Thinking Beyond The Government Playbook - how crypto holders can proactively plan for and respond to aggressive U.S. Government enforcement tactics. By Benjamin J.A. Sauter; Evelyn B. Sheehan; and Amanda Tuminelli; Kobre & Kim LLP
U.S. prosecutors are becoming increasingly aggressive in their attempts to police digital asset markets — and more creative in their ability to follow through. Recent events highlight the ability of prosecutors not only to collect actionable intelligence about digital assets, but also to use that information to achieve law enforcement objectives across international borders.
More still, prosecutors have developed a playbook of aggressive tactics that they routinely deploy to flip the evidentiary burdens of proof against individuals with substantial digital-asset wealth, as well as to restrain their liberty and assets before a trial ever takes place.
By recognizing these tactics and acting proactively, individuals with substantial digital-asset wealth can reduce the real and present danger of this existential crisis in which they are forced to either effectively prove their own innocence or else forfeit their assets while awaiting trial in a jail cell.
The U.S. Government Is Poised To Unleash A Wave Of Aggressive Prosecutions In The Digital Asset Space
In a move that portends a new wave of enforcement activity, the U.S. tax authority (the IRS) recently served two “John Doe” summonses on major cryptocurrency exchanges Kraken and Poloniex, building on the highly successful and lucrative use of that tactic against Coinbase in 2016. These subpoenas, which are specifically intended to identify users who “may have failed to comply with internal revenue laws,” will provide prosecutors and tax collectors with the identities and account information of all U.S. individuals who transacted in at least the equivalent of US $20,000 on those exchanges in any year from 2016 to 2020.

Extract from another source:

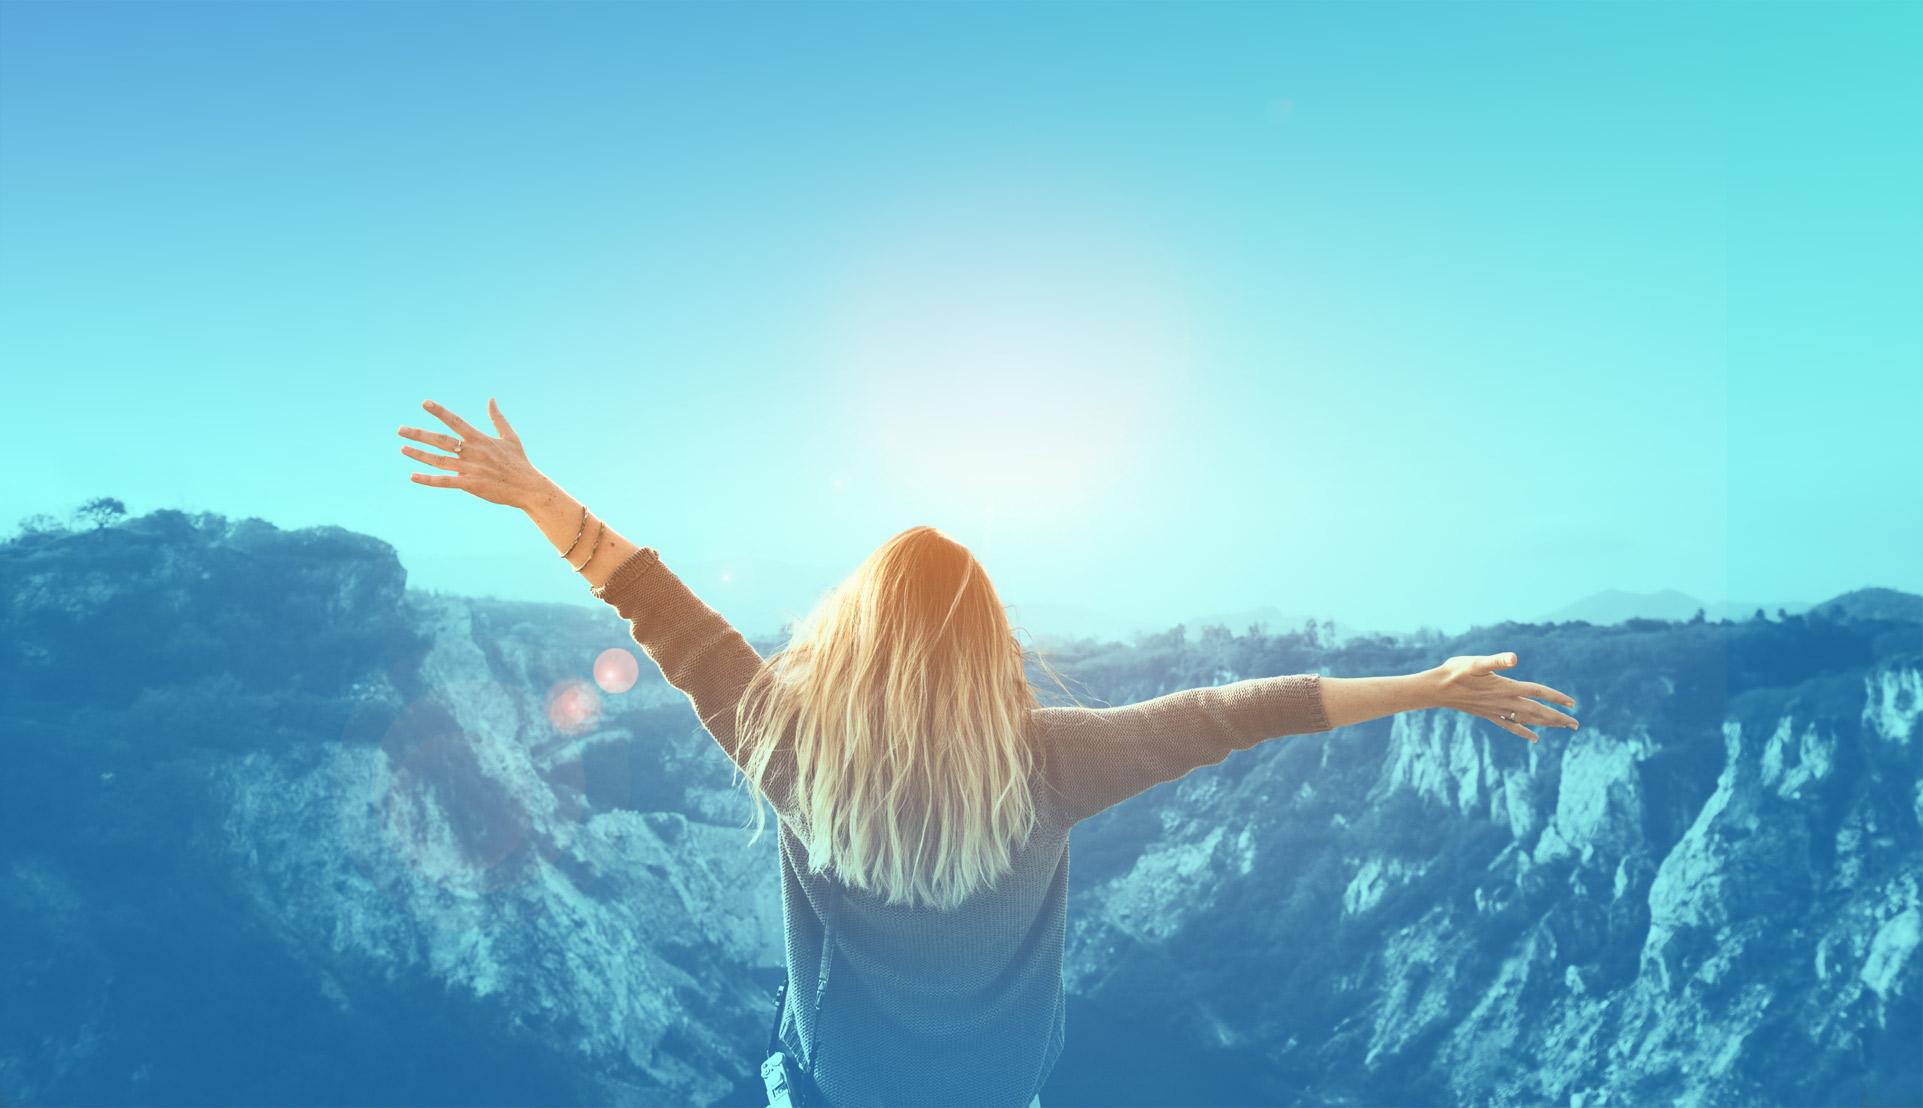 Angst überwinden - Glücksdetektiv

In other words, the U.S. government is poised to receive a trove of new information about U.S. digital asset holders and their wallet addresses, which it will then use to probe compliance with tax laws and forensically connect those individuals to other activities of interest to law enforcement.
These actions are in line with the Biden administration’s increased scrutiny of cryptocurrencies, including recent proposed rules that would require individuals to report any cryptocurrency transactions with a fair market value of US $10,000 or more to the IRS. And an increase in attention from the IRS will likely result in an increase in criminal prosecutions by the DOJ for allegations of tax fraud, tax evasion and money laundering.
U.S. Authorities Have Global Reach
The government’s ability to trace digital assets is not limited to U.S. persons. The two cases below show enforcers’ ability and willingness to leverage sophisticated blockchain forensics tools and increased international cooperation to devastating effect across borders, leaving the odds extremely stacked against those within their crosshairs.
For example, in April 2021, Roman Sterlingov was arrested while flying through Los Angeles, California, for operating Bitcoin mixer Bitcoin Fog, which the DOJ has called the longest-running Bitcoin money laundering conspiracy on the darknet.
The DOJ worked with Europol and various arms of the Swedish government to investigate Sterlingov, a Russian-Swedish national, by analyzing records from cryptocurrency exchanges, email providers and financial institutions, as well as analyzing bitcoin transactions on the blockchain. Sterlingov currently remains in pretrial detention.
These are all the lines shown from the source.